## MATERIAL PROVIDED
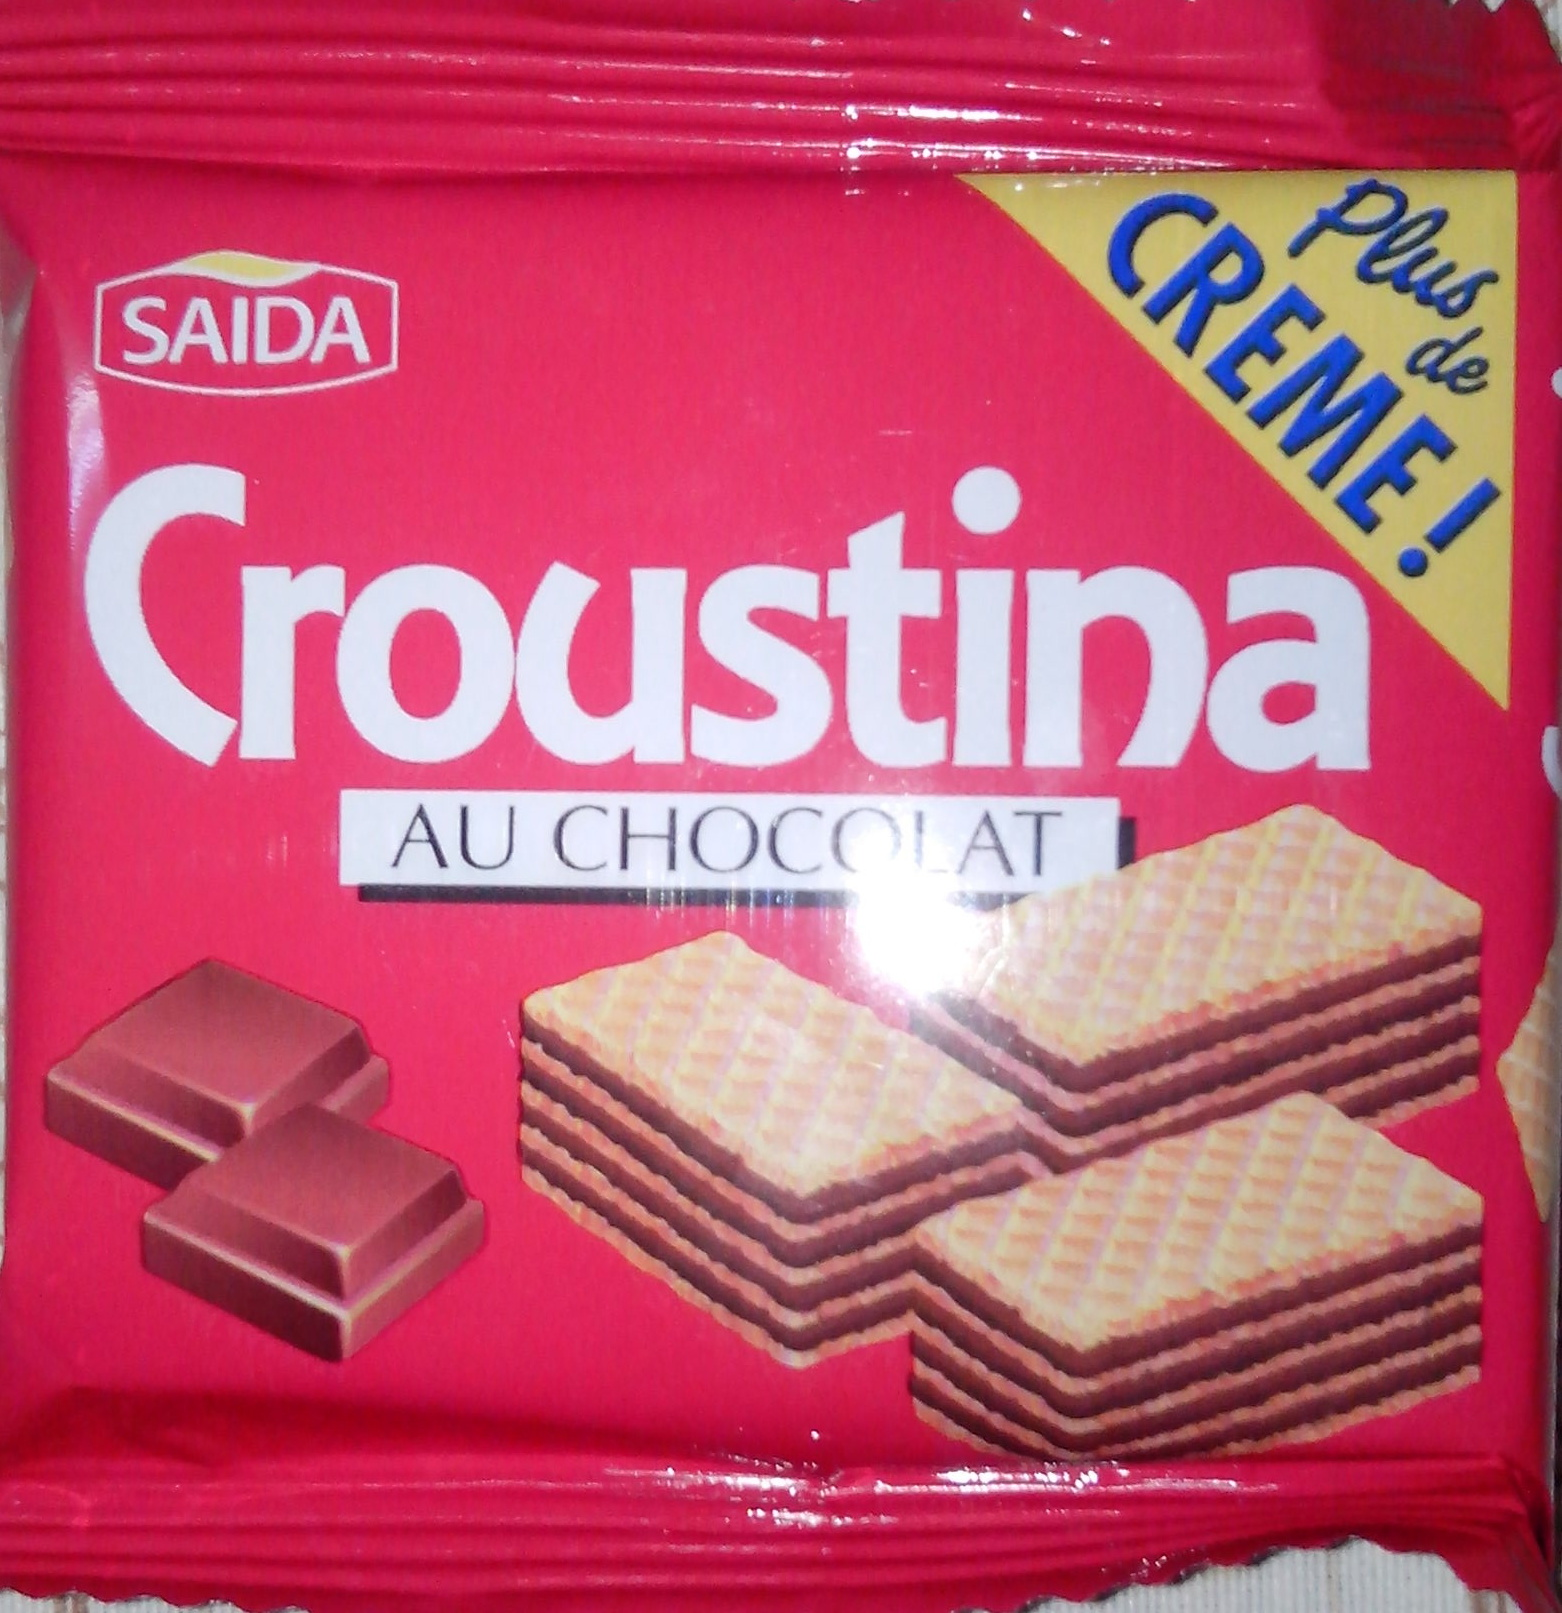 Croustina au Chocolat - نتاج - fr
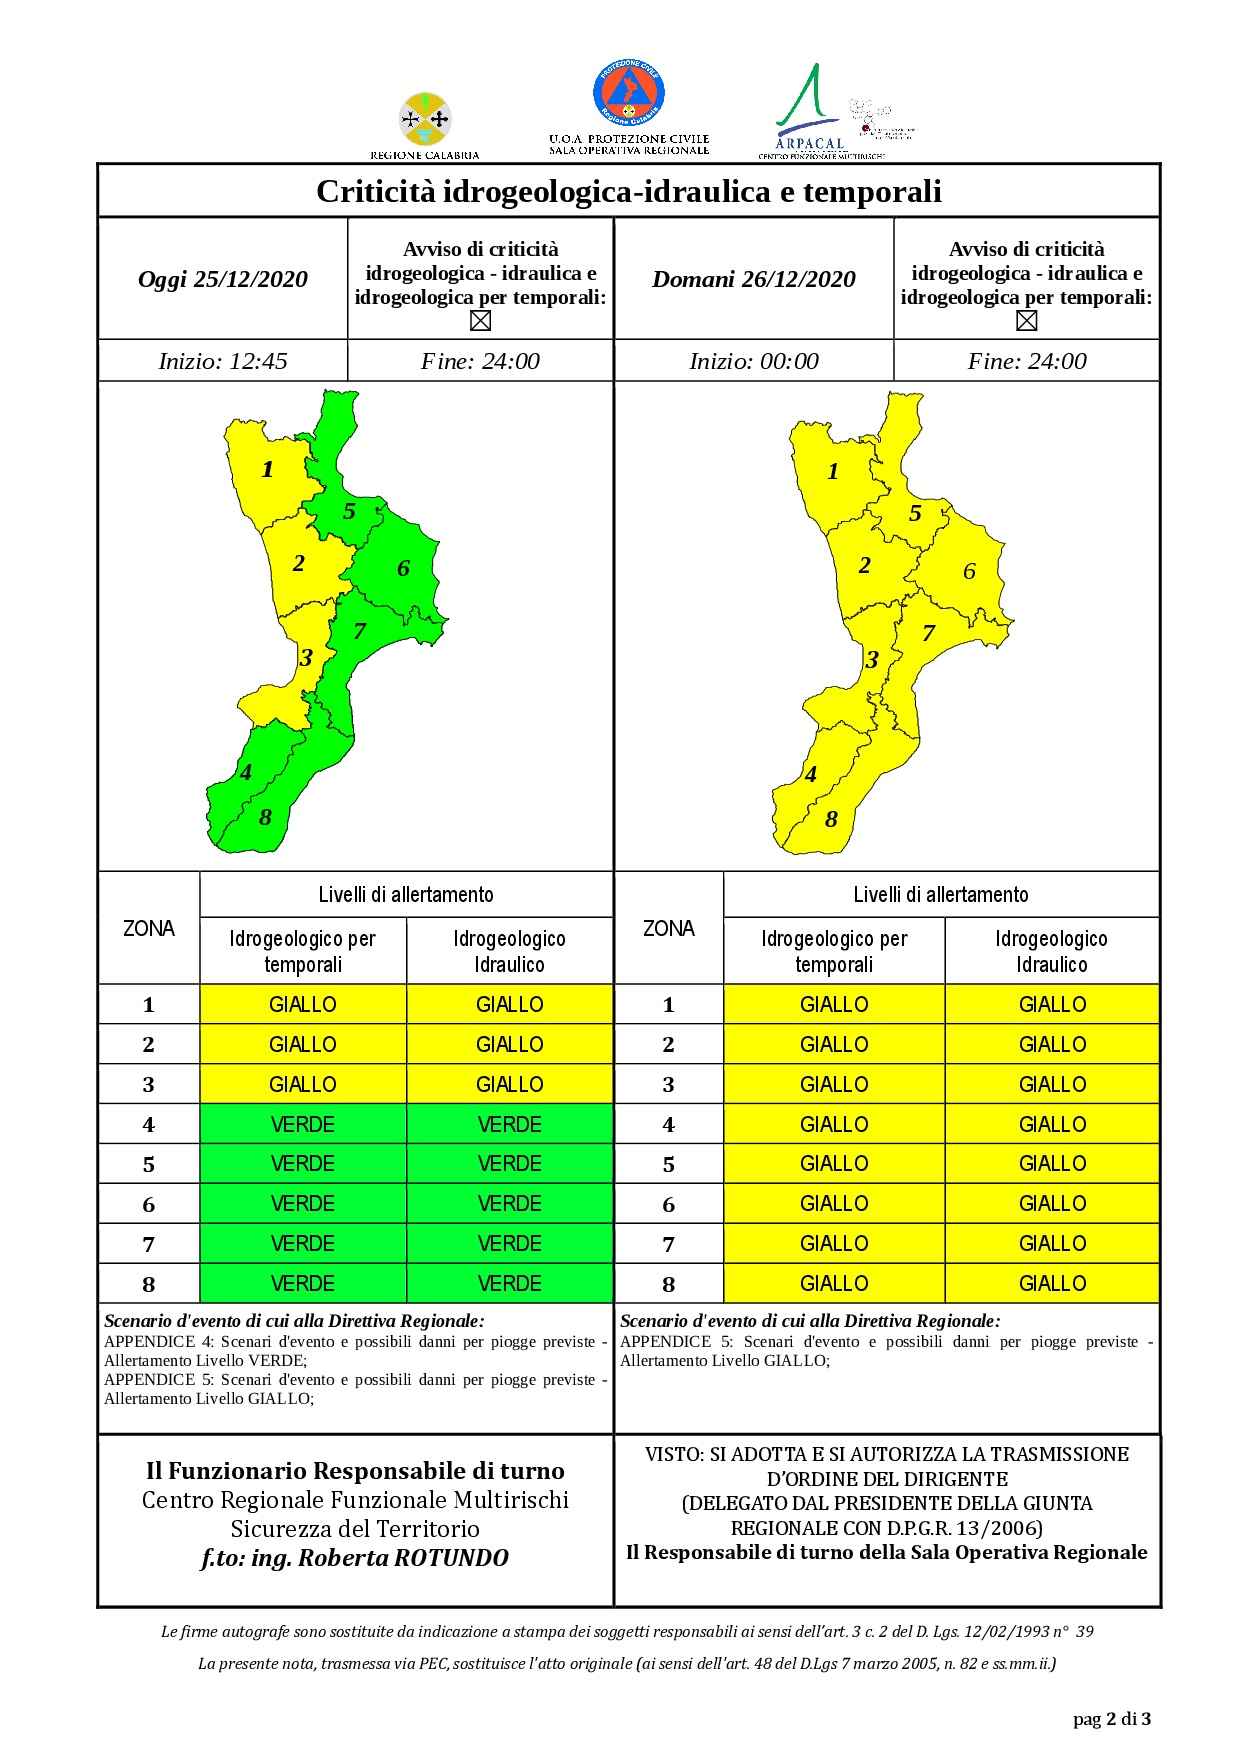 Criticità idrogeologica-idraulica e temporali in Calabria 25-12-2020
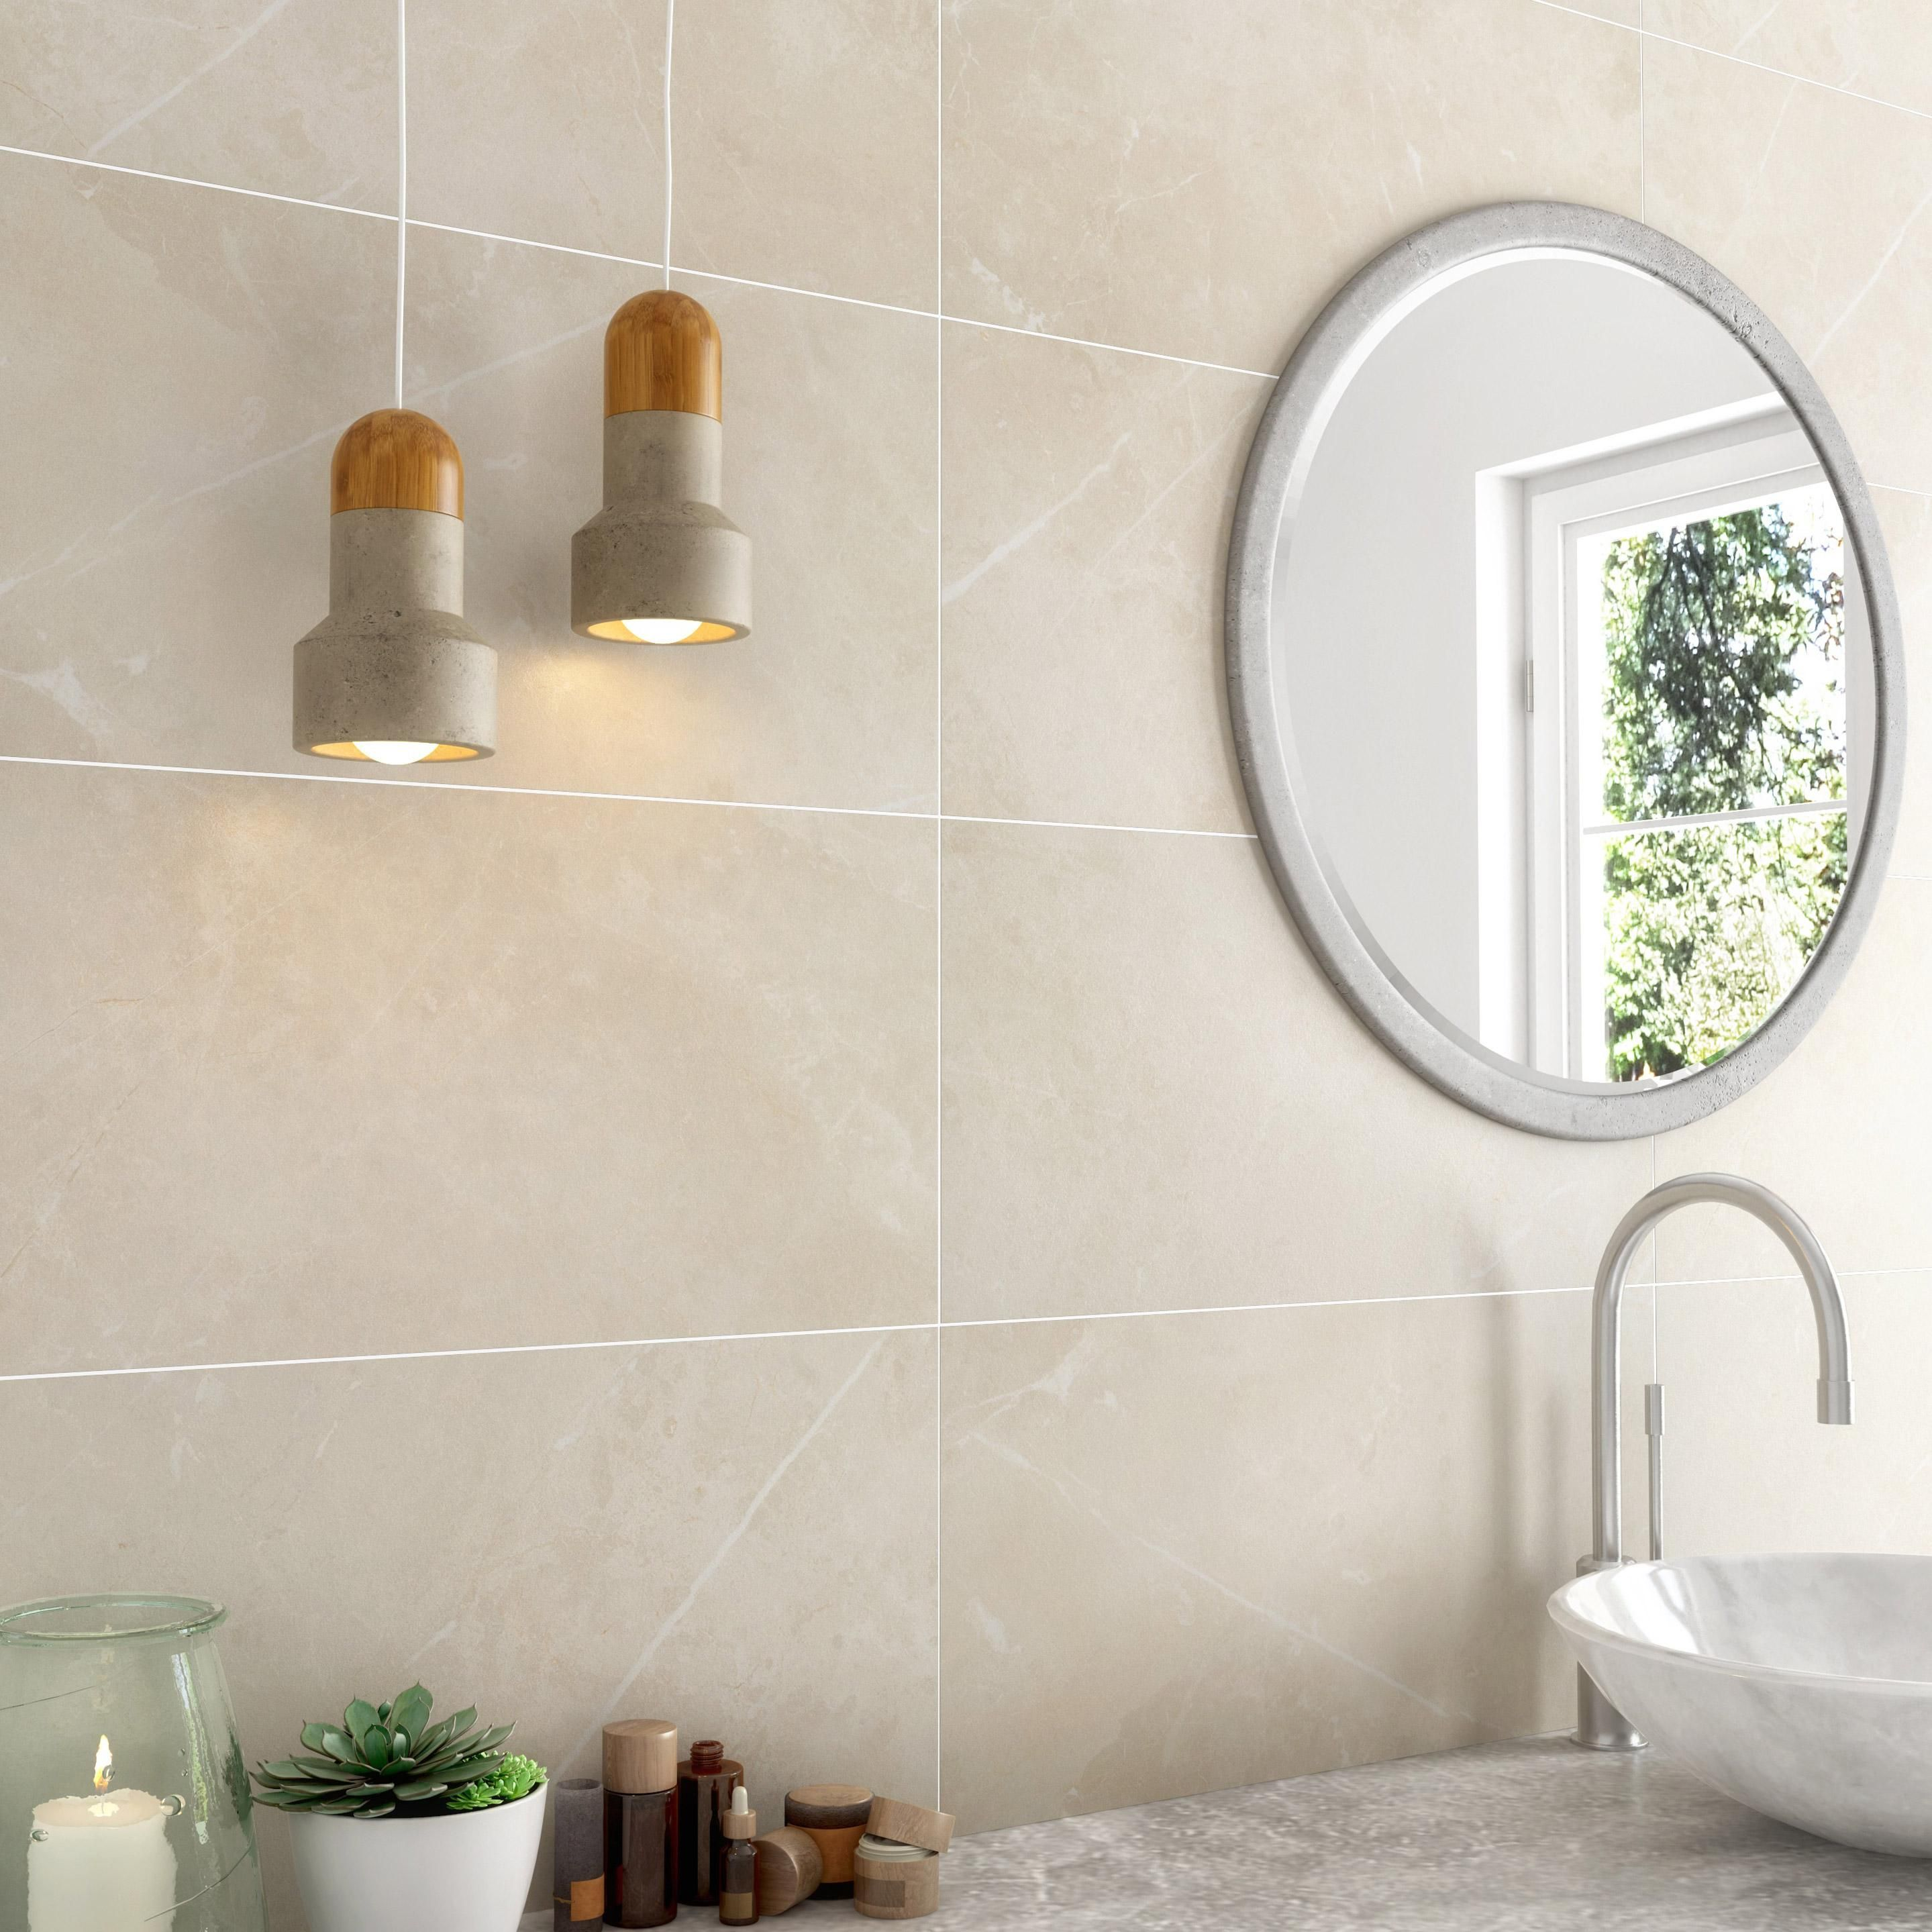 Epingle Sur Bathroom Ideas

## WHAT TO WORK ON
The answer must be the full listing, word for word, with no images in it.

## RESULT OF THIS EXERCISE
 Croustina au Chocolat - نتاج - fr
 Criticità idrogeologica-idraulica e temporali in Calabria 25-12-2020
 Epingle Sur Bathroom Ideas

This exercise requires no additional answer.